I don't agree with this, this behavior is exactly what I wanted in most of the cases. I want the nested type in protocol to not capture from the outer protocol (if it does not use Self or contain any associated types this is trivial), and I want the conforming types to inherit these nested types.

If you had this example:

protocol P {
  var b: B { get }
}
extension P {
  typealias B = Int
}

You certainly don't write P.B for the protocol requirements in the conforming type like so:

struct S: P {
  var b: P.B = 42
}

Instead you just want to write var b: B = 42. However you still want to re-use the namespacing for simple type nesting like so:

var test: P.B = 42 // this already works just fine today

To me your solution seems to be limited to protocols only (as this discussion originated from that direction), but it does not solve the same problem in non-protocol generic types. The attribute example I provides is just 'one solution' to the problem, but as far as I'm concerned it would cover both situation (generic types and protocols with Self or associated types).

Here is just one example ripped out of our library where I badly need nesting like mentioned above.

public protocol Peripheral {
  typealias Scan = PeripheralScan
  typealias Firmware = PeripheralFirmware
  typealias Service = PeripheralService
  typealias Characteristic = PeripheralCharacteristic
  typealias CharacteristicEndpoint = PeripheralCharacteristicEndpoint
  typealias ServiceEndpoint = PeripheralServiceEndpoint
  typealias Update = PeripheralUpdate
  ...
}

This is self-contradictory. @Slava_Pestov has explained that the natural semantics of declaring a type inside a protocol is to capture Self (even when Self is not used in the implementation of the type). He explained how this is a natural parallel with how types nested in a generic type capture the surrounding generic context whether they use it or not.

I gave an example that shows how you can declare a type nested inside a protocol _that does not capture Self`` by placing the types inside extension any Protocolinstead ofextension Protocol. If you don't want conformances to prefix the type names with ProtocolI showed how you can add typealiases inextension some Protocol` that make the types directly available.

Why do you say this? My solution is to introduce existentials for generic types as well as protocols. any Array would be an Array with an unknown Element. This allows us to nest declarations inside Array without capturing the generic context.

You want these to be identical for each conformance, right? @Slava_Pestov explained why they would be distinct types for each conformance because they would capture Self if they were type declarations instead of typealiases.

Could a tastefully placed underscore be used to indicate not capturing generic context?

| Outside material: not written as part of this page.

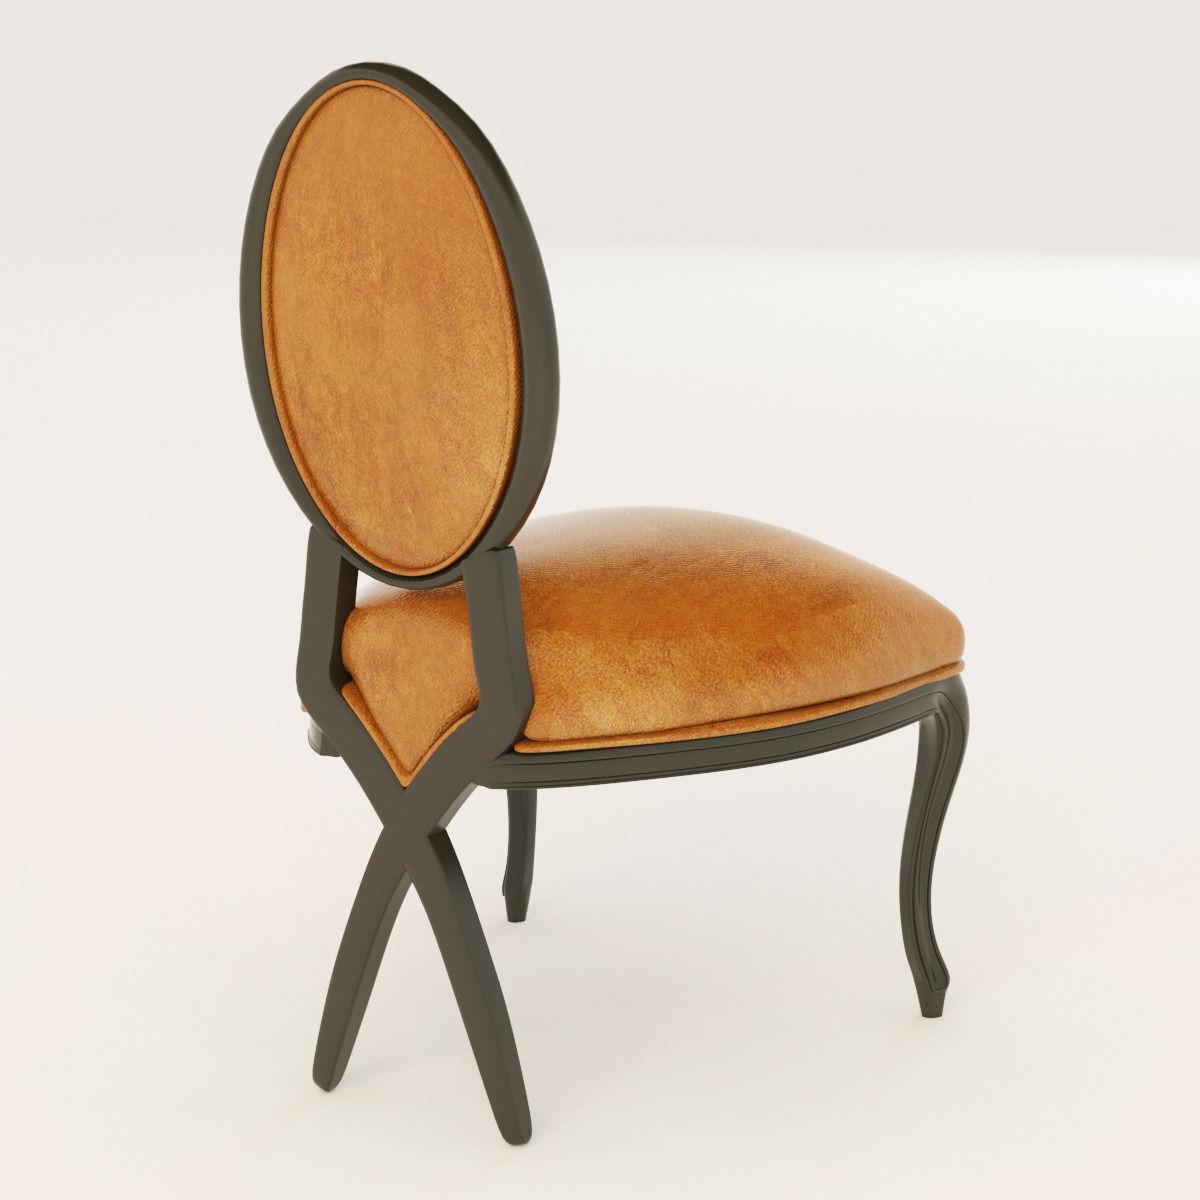 Christopher Guy Furniture Christopher Guy Chair St0044 3d Model Max Obj 3ds Fbx Mtl

I have tweaked the type checker to allow that. I have also tweaked getContextSubstitutions() to substitute the types, although I am not sure if I have done that correctly.

protocol A {
  struct B {}
}

Inside IRGen, dumping the struct gives:

struct_decl range=[/Users/suyashsrijan/Desktop/test.swift:2:3 - line:2:13] "B" interface type='A.B.Type' access=internal non-resilient
  (constructor_decl implicit range=[/Users/suyashsrijan/Desktop/test.swift:2:10 - line:2:10] "init()" interface type='<Self where Self : A> (A.B.Type) -> () -> A.B' access=internal designated
    (parameter "self" interface type='A.B' inout)
    (parameter_list)
    (brace_stmt implicit
      (return_stmt implicit))))

I have also put emitNestedTypeDecls(protocol->getMembers()) inside emitProtocolDecl, however it has trouble emitting the metadata for the struct (crashes in type converter). If you change the struct to a class, then the crash is in useConformance (because the protocol conformance ref is invalid).

Seems like I am missing something or the type substitution isn't working correctly.

The type of 'self' inside a method of A.B must not be A.B, but Self.B where Self is the outer type parameter from the protocol A. However NominalType cannot model that right now.

I think a first step would be the planned changes to unify BoundGenericNominalType and NominalType, and change BoundGenericNominalType to store a substitution map instead of an array of generic arguments together with a parent type. Then the requisite changes to handle substitutions would be trivial.